Super 05
Cameron Johnston in Super

This year, Monkeyman Productions’ annual 4-play showcase of new, geek-oriented works takes a darker tenor than years past. The shift doesn’t feel like a deliberate one so much as a coincidence of tone amongst the best of this year’s script submissions but it has two pronounced effects. The first is the sad elimination of geek-music duo Debs & Errol (their lighthearted interludes just wouldn’t have fit in with the selected plays), the second is an overall rise in dramatic consequence. All four of 2013’s chosen plays have sky-high emotional stakes and, while that doesn’t leave as much room for amusing reference-heavy banter, it does exemplify how geek theatre doesn’t have to compromise depth for genre.

I don’t mean to say that this year’s showcase isn’t funny. In fact, my two favourite pieces in the mix could be called comedies, or at least dark comedies. The first is Adam Esquenazi Douglas’ Game Over: a Suicide Note, a one-man show that can only really be described as Existential Mario. Douglas mines the absurdity of the improbably varied Mario universe and finds poignancy in the video game hero’s endless, autonomy-less existence (and, most touchingly, in the profession of plumbing as a calling).
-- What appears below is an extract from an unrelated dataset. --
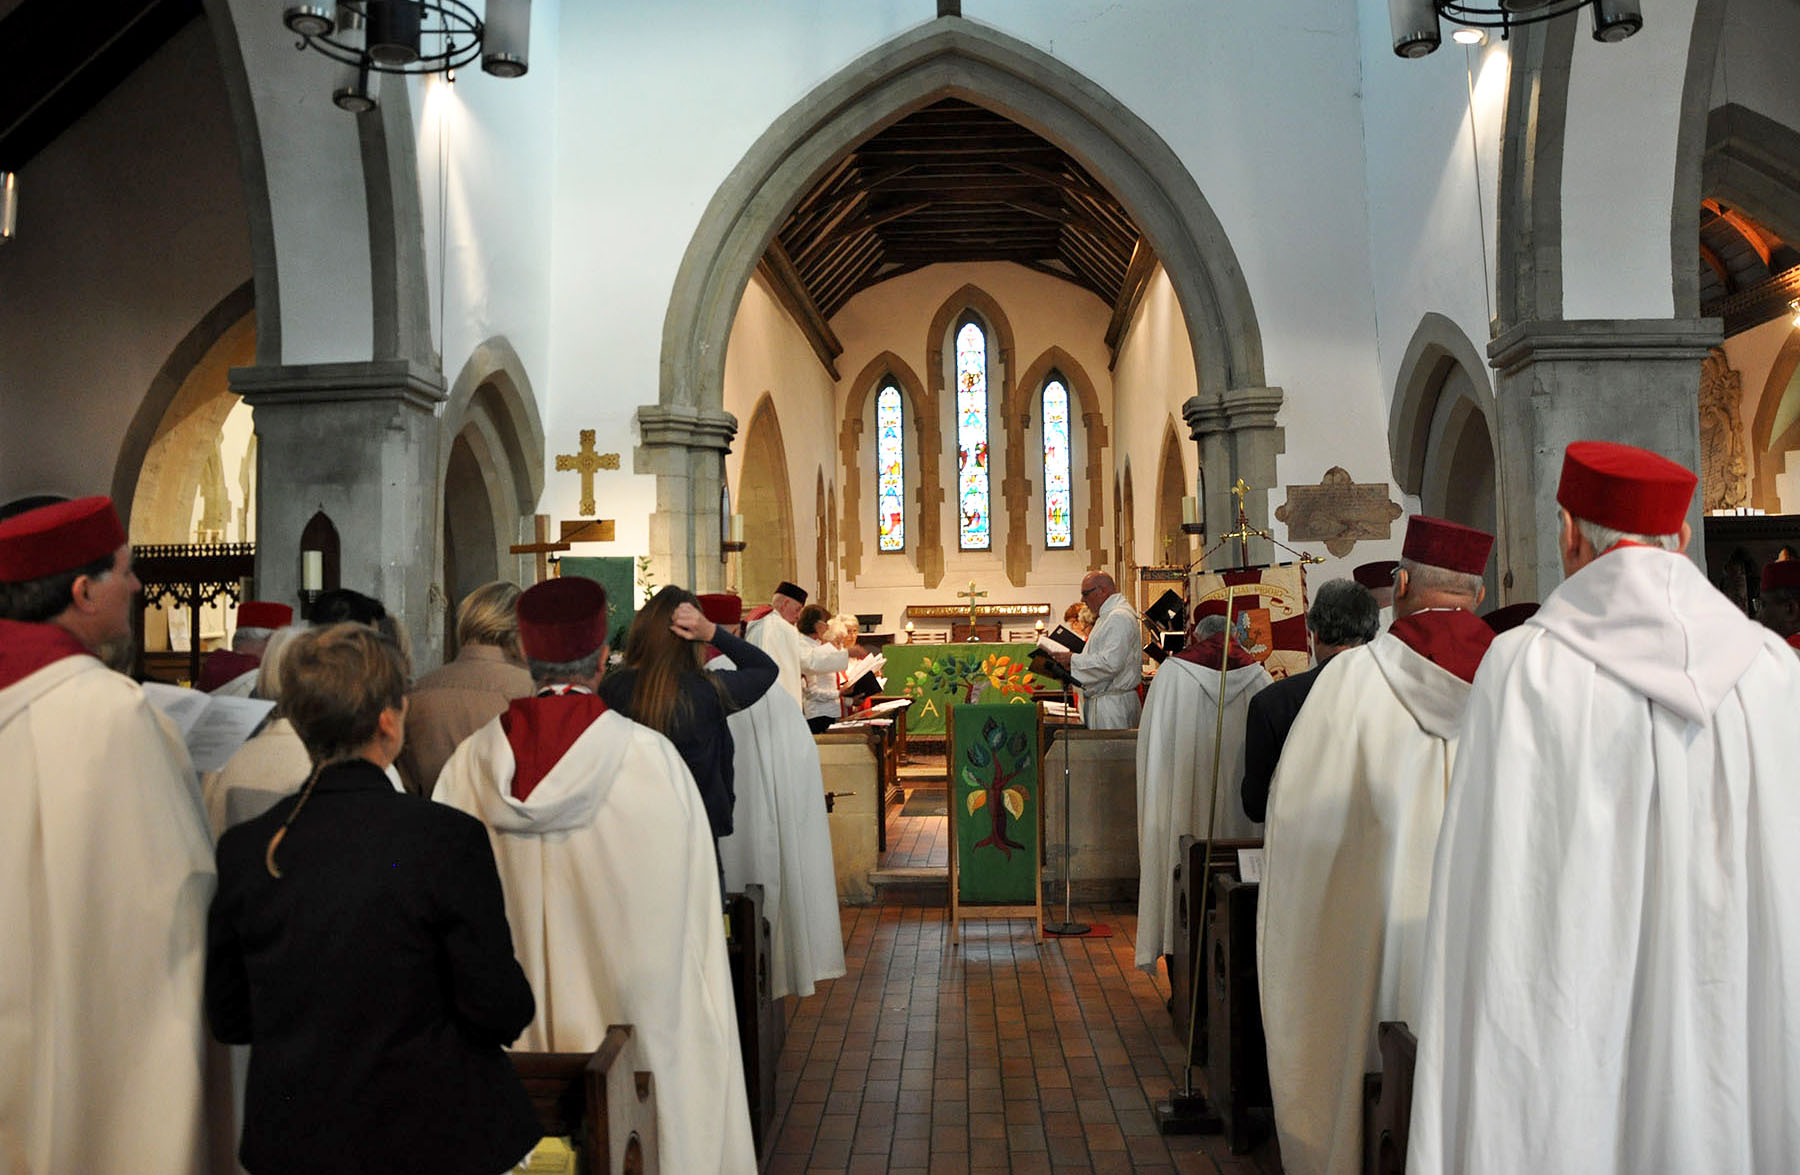 Provincial Priory of Surrey Service of Rededication and Thanksgiving

Despite looking less like the iconic Mario than I do, Mitchell Court is splendid in the role, balancing the comfortingly familiar catchphrases with heartbreaking hopelessness and just a touch of the mania of a man who’s spent his life collecting coins and dodging shells.

The showcase’s middle two pieces are less memorable though still fairly strong. For In Black and White, Artistic Director Martin Chodorek (the evening’s charmingly informal host) cast 2011 My Theatre Award nominee Martha Girvin and our very own Leeman Kessler in a dance of ambiguous nature, at least in the beginning. As playwright Michael Trottier’s darkly sad premise unveils itself, Girvin and Kessler work pieces of honesty into their carefully crafted plays on film noir archetypes. It’s a study in precision that works splendidly at moments and gets a little lost in others (though I will say that the whole affair would have been greatly helped along by a little sexier costuming; poor Girvin is working doubletime to overcome her surprisingly dowdy getup).

Chloe Whitehorn’s Wasting Time comes next after intermission (I said this last year but why are we doing intermission for an hour show?) and, though startling in its intensity, it was the only one of the four plays that left me wanting more from both a storytelling and character development standpoint. I suppose some sort of rumination on parallel timelines is to be expected in a geek-focused showcase, especially one that’s darker in tone, but I didn’t get much intellectual conclusion from Whitehorn’s text. Victoria Urquhart’s direction is strong (the fight choreo is excellent, though the scene transitions are too slow) and the actors (Adam Cresswell and Jeffrey Henderson) deliver the terror, defiance, conflict and intimidation that the audience needs from them. But what it all leads to I’m still not too sure.

The performance’s final piece- Super by Monkeyman’s Resident Playwright DJ Sylvis- was by far my favourite. In fact, it was one of my favourite things I’ve seen in quite some time. Cameron Johnston is funny, fragile, and intensely likable as a man whose acting aspirations have panned out only as far as donning a Superman suit to take photos with tourists for tips. Sylvis’ script is clever and fun but also packed with genuine sadness and longing. His only character is a man who is at once the audience’s easy object of pity and one of the more inspiring characters I’ve seen. The optimism and faith he musters, the utter dedication, the kindness in the face of being ignored and taken advantage of and looking like a fool. My favourite moment in the play is when he explains why he asks for tips in his own voice instead of in character: “I don’t want them to think less of Superman” he says. That just about broke my heart. Here’s a guy as down on his luck as he’s likely to get and he’s worried about preserving the reputation of a fictional character so that he can live in peoples’ minds as a beacon of hope instead of a guy who needs money for rent. Sylvis and Johnston nearly had me in tears as the character (did he have a name? I hope not, because the metaphor of my already having forgotten it is just too much to handle) wondered at not the unattainable perfection of Superman but how even Clark Kent seemed to have the whole world conquered. Then, putting on his jacket over his costume, he tells us that “I used to have a place to change, but then they started locking the men’s room”. Super is a painfully relatable, sad but hopeful examination of a good guy’s small life as a “superhero” and is the crowning achievement of Monkeyman’s truly excellent 2013 showcase.